Think this is an exaggeration? Let's take a gander at Natalie Allison, Jeff Stein, Cat Zakrzewski and Michael Birnbaum's Washington Post story, "Inside President Trump's whirlwind decision to blow up global trade." It's pretty damning:
The president's decision to impose tariffs on trillions of dollars of goods reflects two key factors animating his second term in office: His resolve to follow his own instincts even if it means bucking long-standing checks on the U.S. presidency, and his choice of a senior team that enables his defiance of those checks….
Inside and outside the White House, advisers say Trump is unbowed even as the world reels from the biggest increase in trade hostilities in a century. They say Trump is unperturbed by negative headlines or criticism from foreign leaders. He is determined to listen to a single voice — his own — to secure what he views as his political legacy.
"He's at the peak of just not giving a f--- anymore," said a White House official with knowledge of Trump's thinking. "Bad news stories? Doesn't give a f---. He's going to do what he's going to do. He's going to do what he promised to do on the campaign trail."….
The president's team mounted remarkably little dissent to a sweeping overhaul of trade policy, according to interviews with more than a dozen people inside and outside the administration, some of whom spoke on the condition of anonymity to reflect private talks….
"In their recruiting process, they made sure it would only be people who were totally Trumpers, because in the first administration there was a lot of trouble with people quitting, writing bad books, things like that," said Wilbur Ross, who served as commerce secretary during Trump's first term. "The people now have been confirmed as true Trumpers."

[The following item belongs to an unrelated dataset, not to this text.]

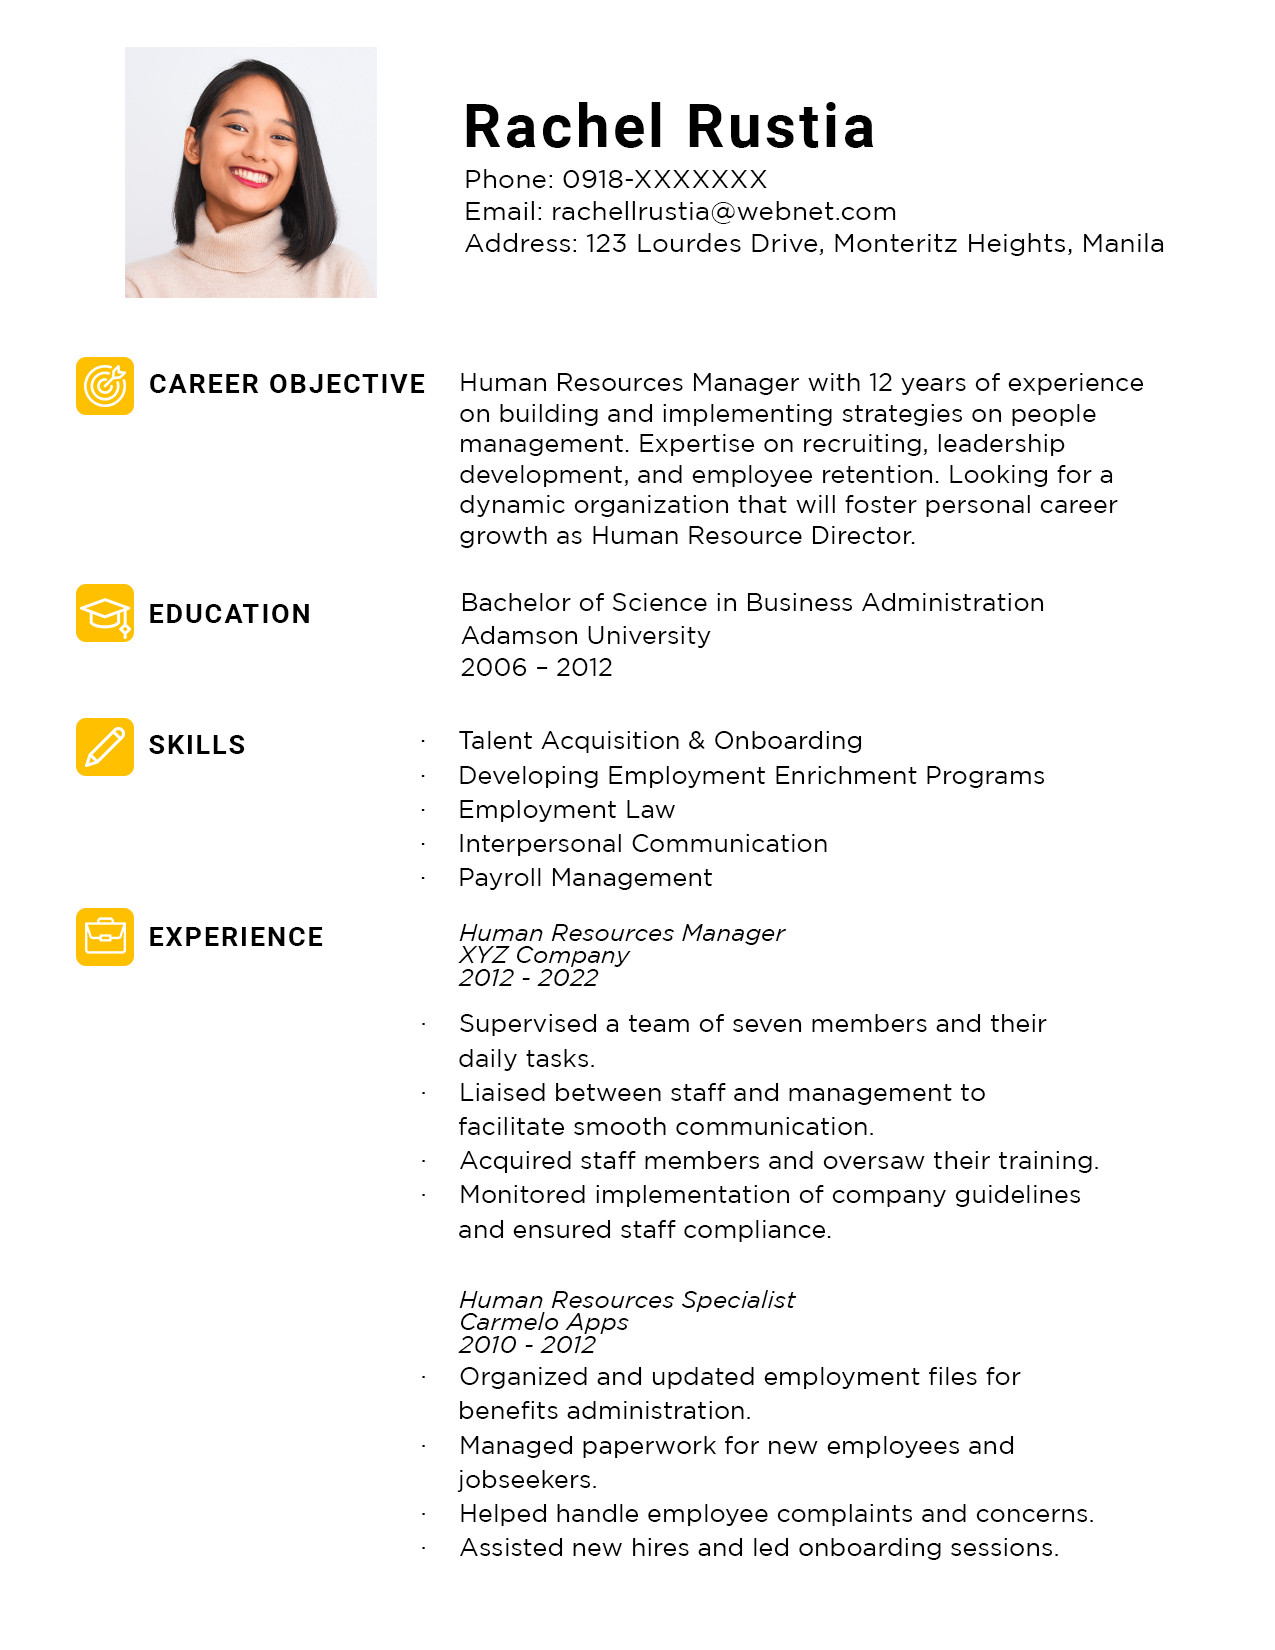 Cpa Resume Sample Entry Level Philippines Resume Templates You Can Download for Free!

Trump seems to believe that a more loyal White House team is ultimately a more effective one. But as the now-unrestrained president's ideas on trade wreak havoc on the global economy, even some of his allies have expressed deepening confusion and alarm. Two days after the momentous rollout, financial markets continue to reel.
The very existence of this story is due to some staffers covering their ass to reporters. But make no mistake, it is solid evidence of U.S. foreign economic policy being executed by presidential whim without any functional policymaking process.
Paul Krugman explains why the stupidity matters:
You might be tempted to dismiss complaints about the policy process as elitist snobbery. But credibility is a crucial part of policymaking. Businesses can't plan if they have no idea what to expect next. Foreign governments won't make policies that help America if they don't expect us to respond rationally.
So what do we know about how the Trumpists arrived at their tariff plan? Trump claimed that the tariff rates imposed on different countries reflected their policies, but James Surowiecki soon noted that the tariffs applied to each country appeared to be derived from a crude formula based on the U.S. trade deficit with that country. Trump officials denied this, while at the same time the Office of the U.S. Trade Representative released a note confirming Surowiecki's guess….
The key point is that Trump isn't really trying to accomplish economic goals. This should all be seen as a dominance display, intended to shock and awe people and make them grovel, rather than policy in the normal sense.
Again, I'm not being snobbish here. When the fate of the world economy is on the line, the malignant stupidity of the policy process is arguably as important as the policies themselves. How can anyone, whether they're businesspeople or foreign governments, trust anything coming out of an administration that behaves like this?
….I'd like to imagine that Trump will admit that he messed up, cancel the whole thing, and start over. But he won't, because that would spoil the dominance display. Ignorant irresponsibility is part of the message.
Does this mean Trump will not listen to anyone? No it does not. But he is listening to the Laura Loomers of the world far more than the Scott Bessents.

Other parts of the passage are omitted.